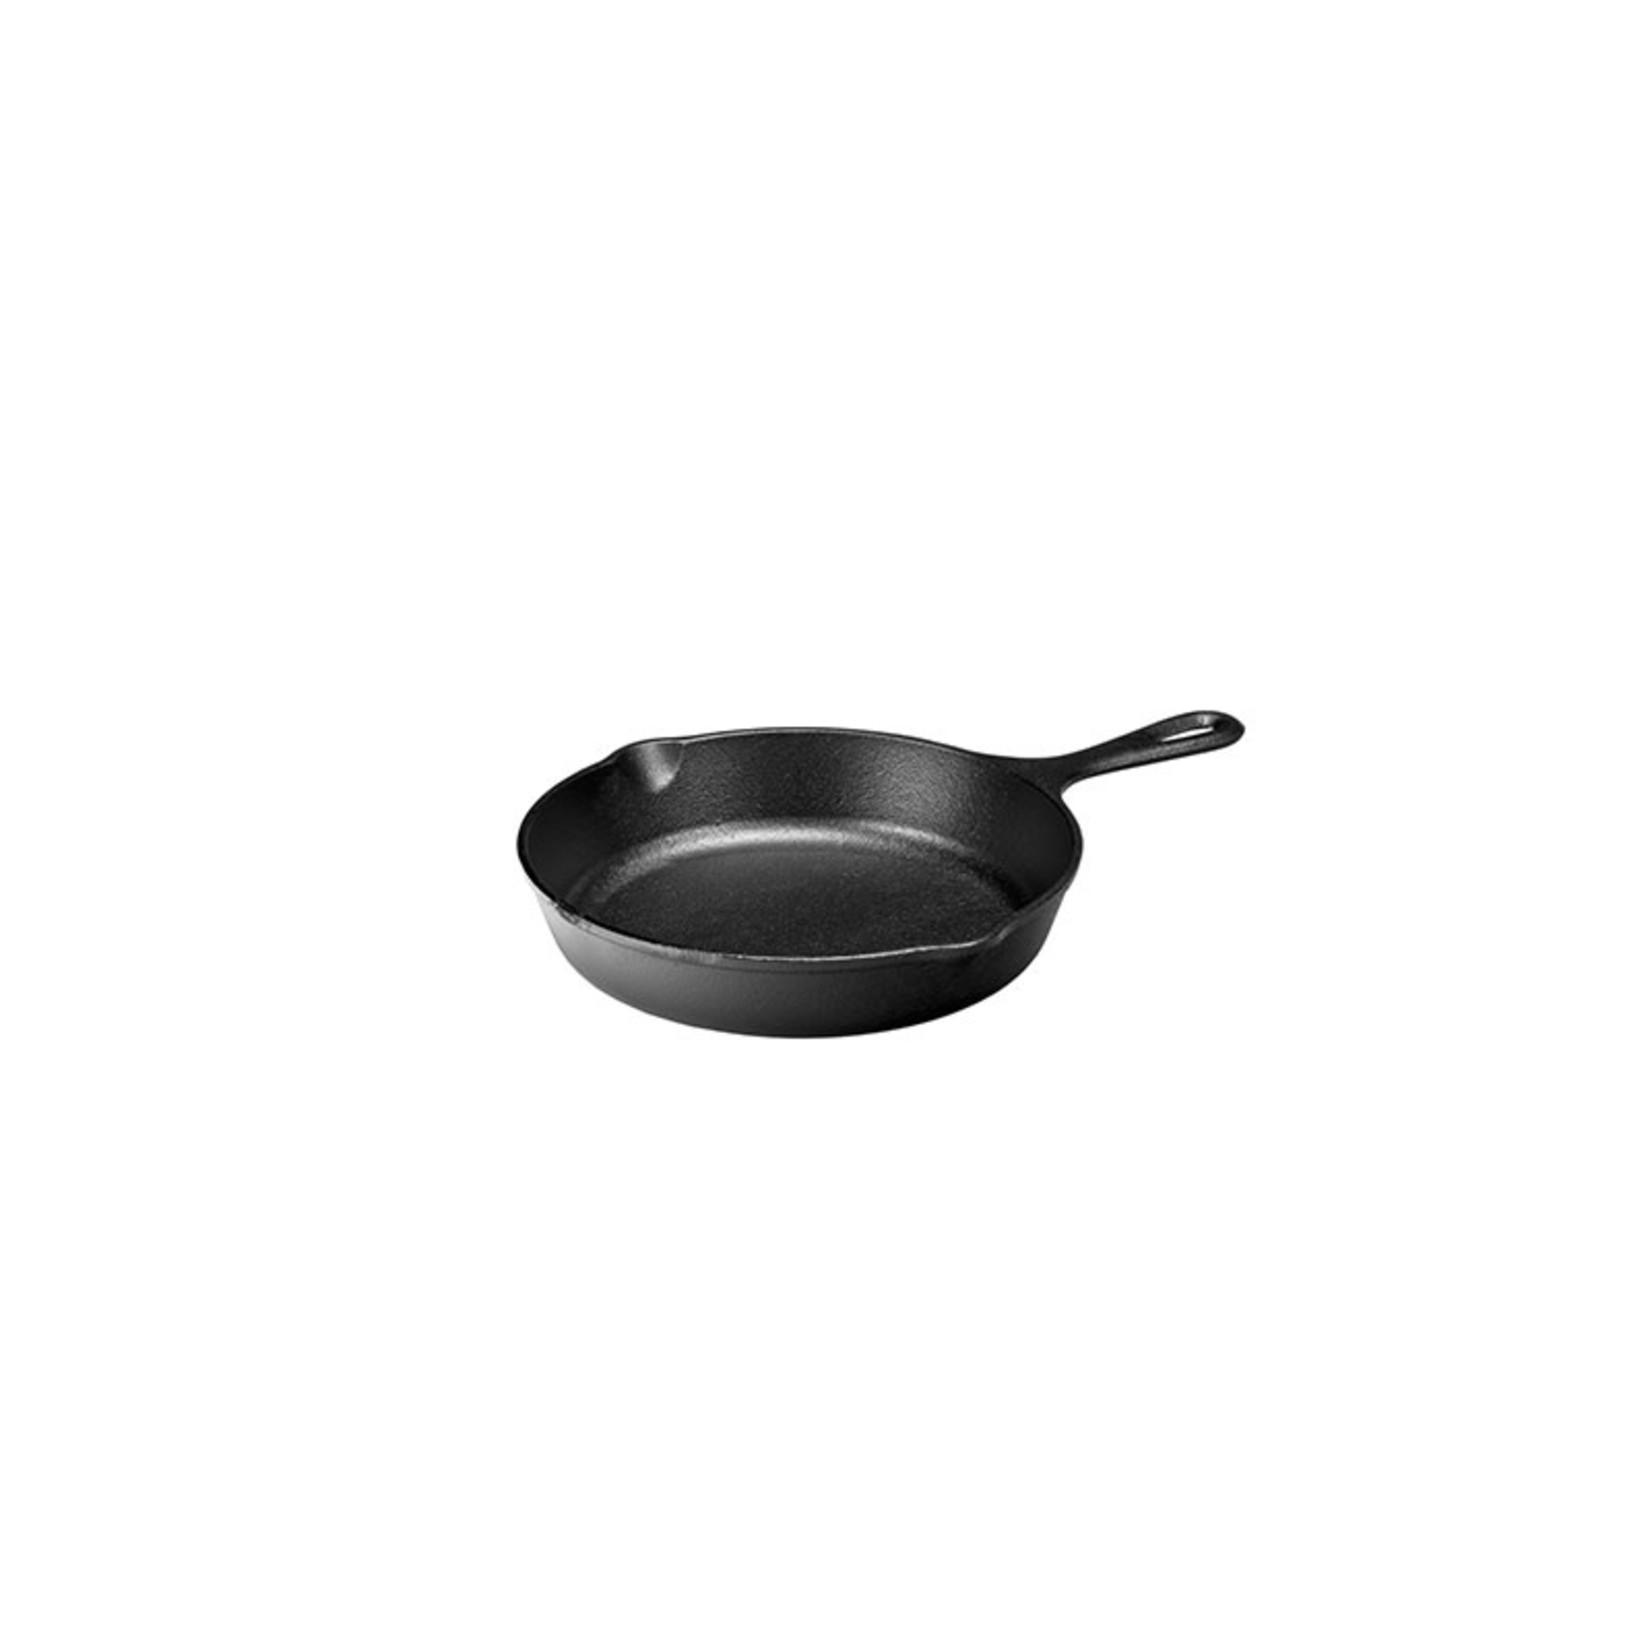 "Lodge Lodge Cookware Skillet Pan 9"""
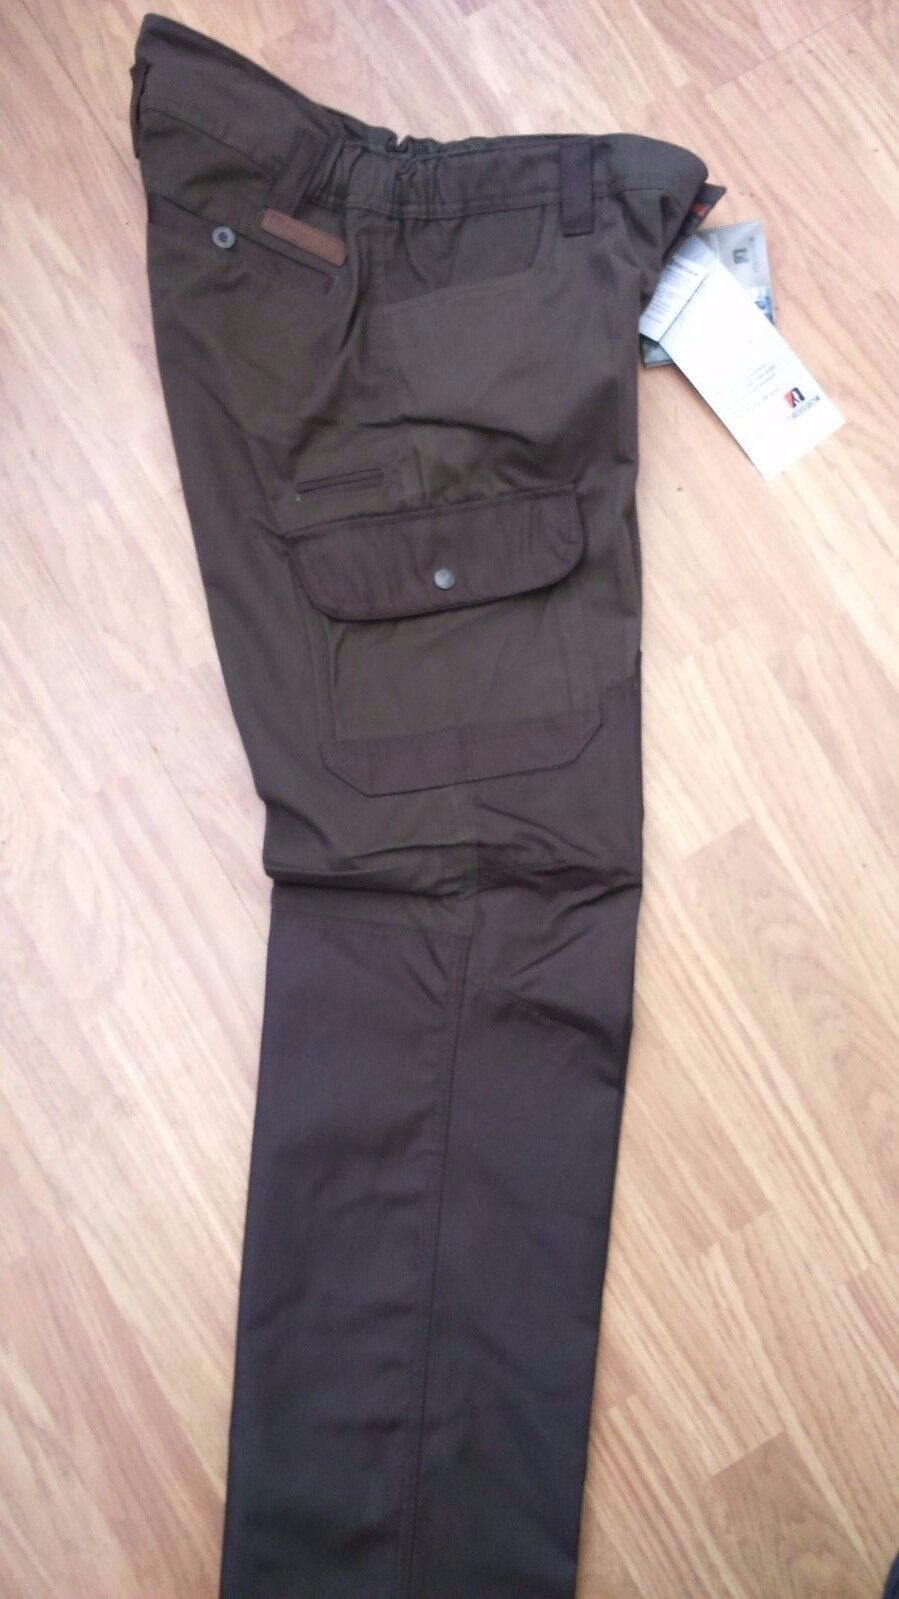 Percussion Showerproof Bush Trousers 1033 Ideal for Hunting,Fishing,Walking
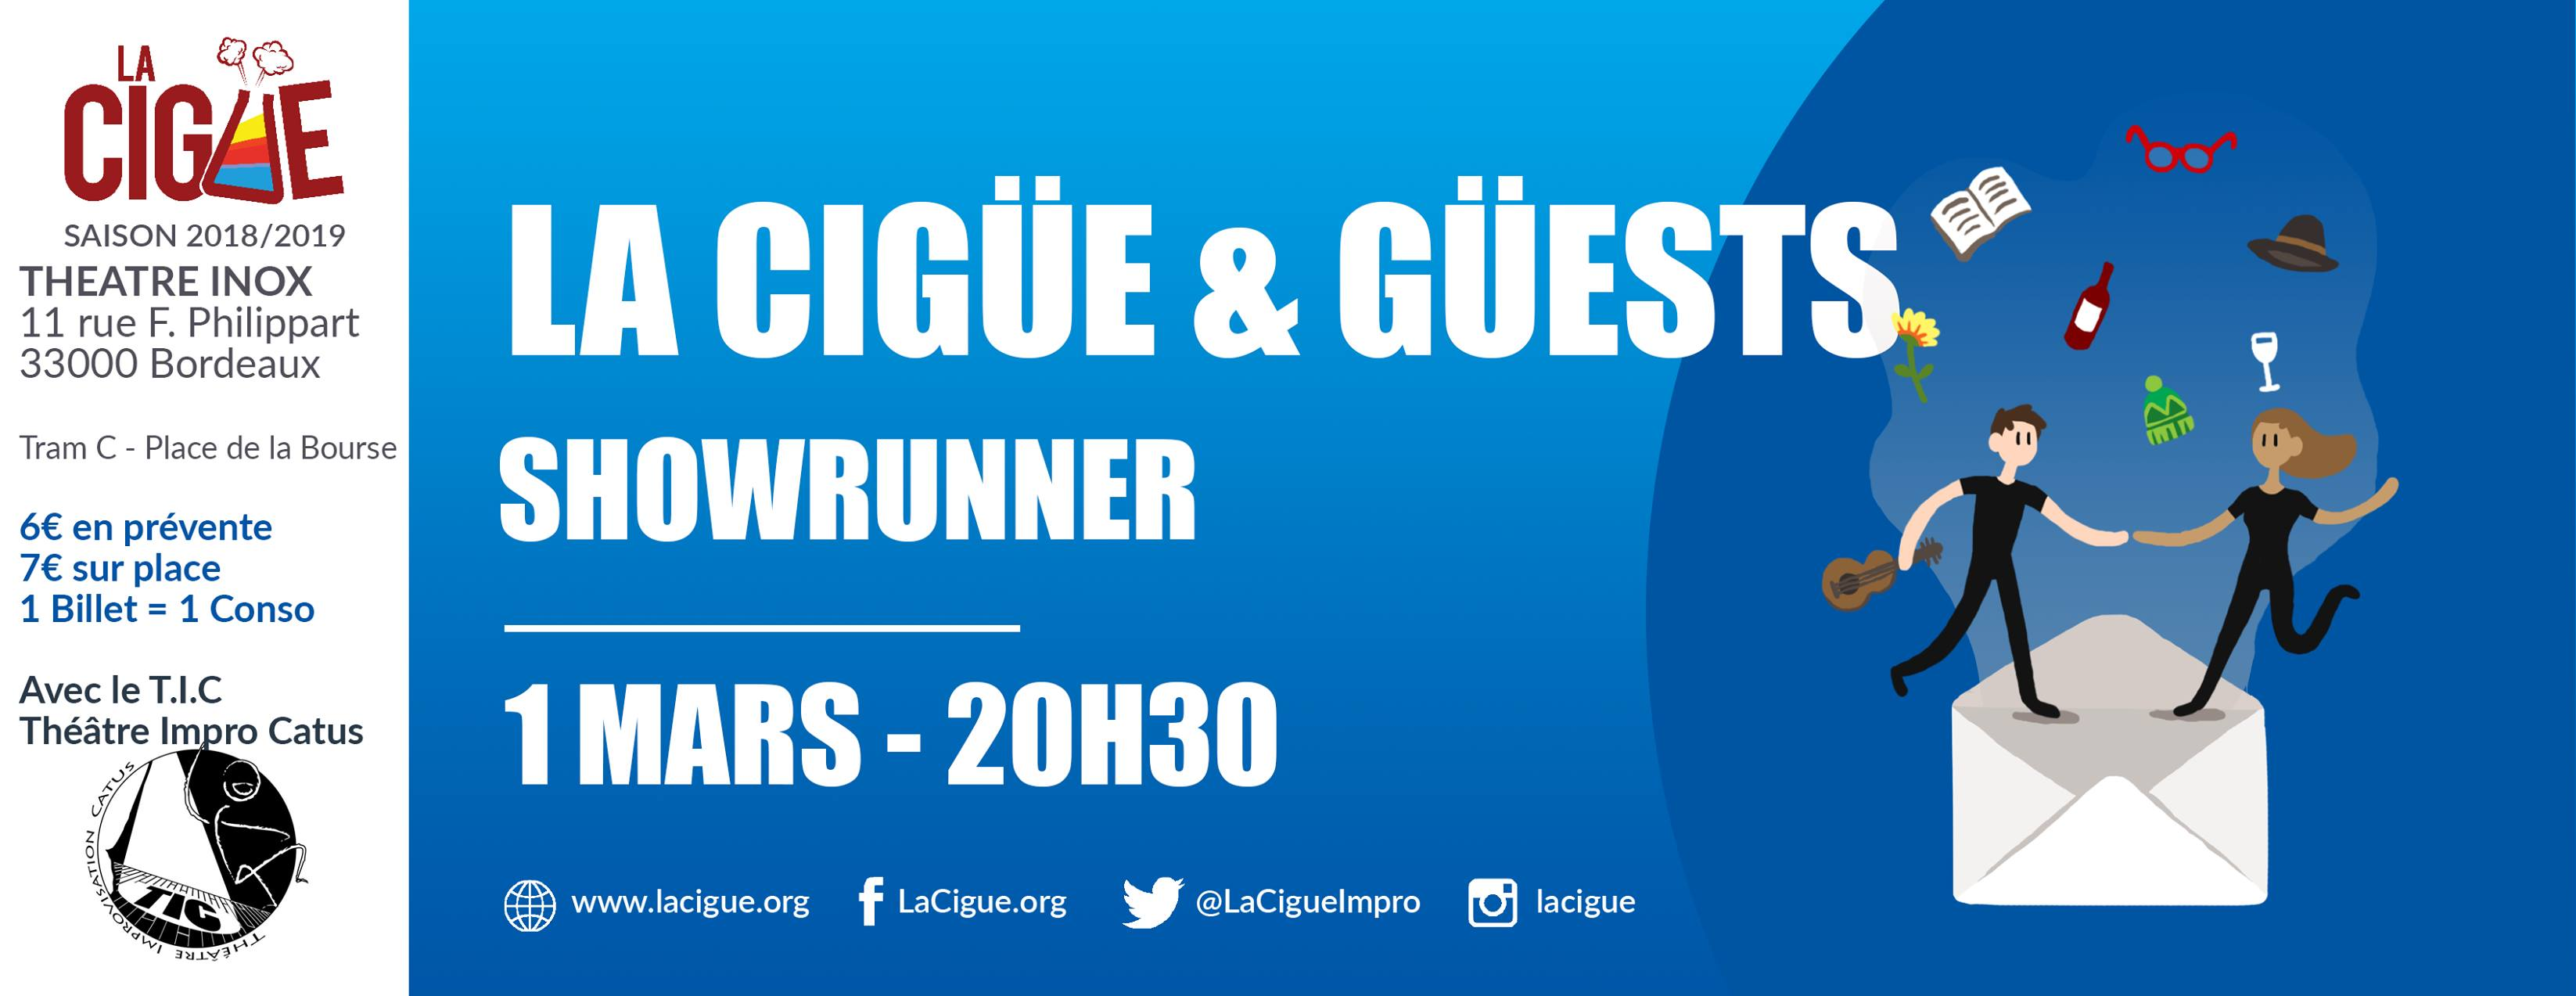 La Cigüe & Güests #2 – Showrunner avec Le TICS (Catus)
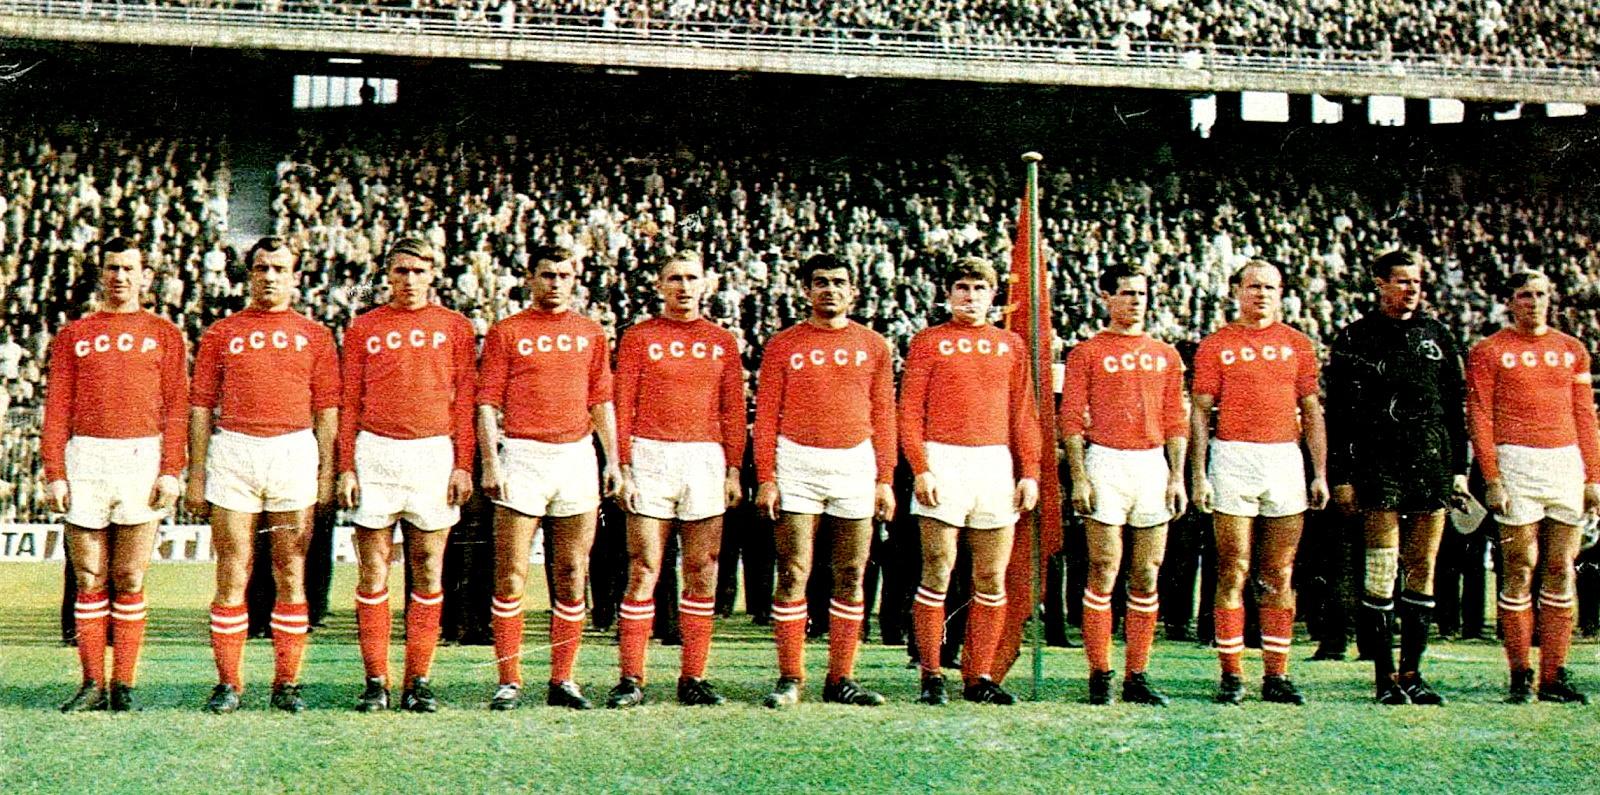 CCCP 1966 retro shirt, the World Cup 1966

== == ==

Pictures aside, repeat every line of the data above exactly.

• _TASK SOLUTION_:
 "Lodge Lodge Cookware Skillet Pan 9"""
 Percussion Showerproof Bush Trousers 1033 Ideal for Hunting,Fishing,Walking
 La Cigüe & Güests #2 – Showrunner avec Le TICS (Catus)
 CCCP 1966 retro shirt, the World Cup 1966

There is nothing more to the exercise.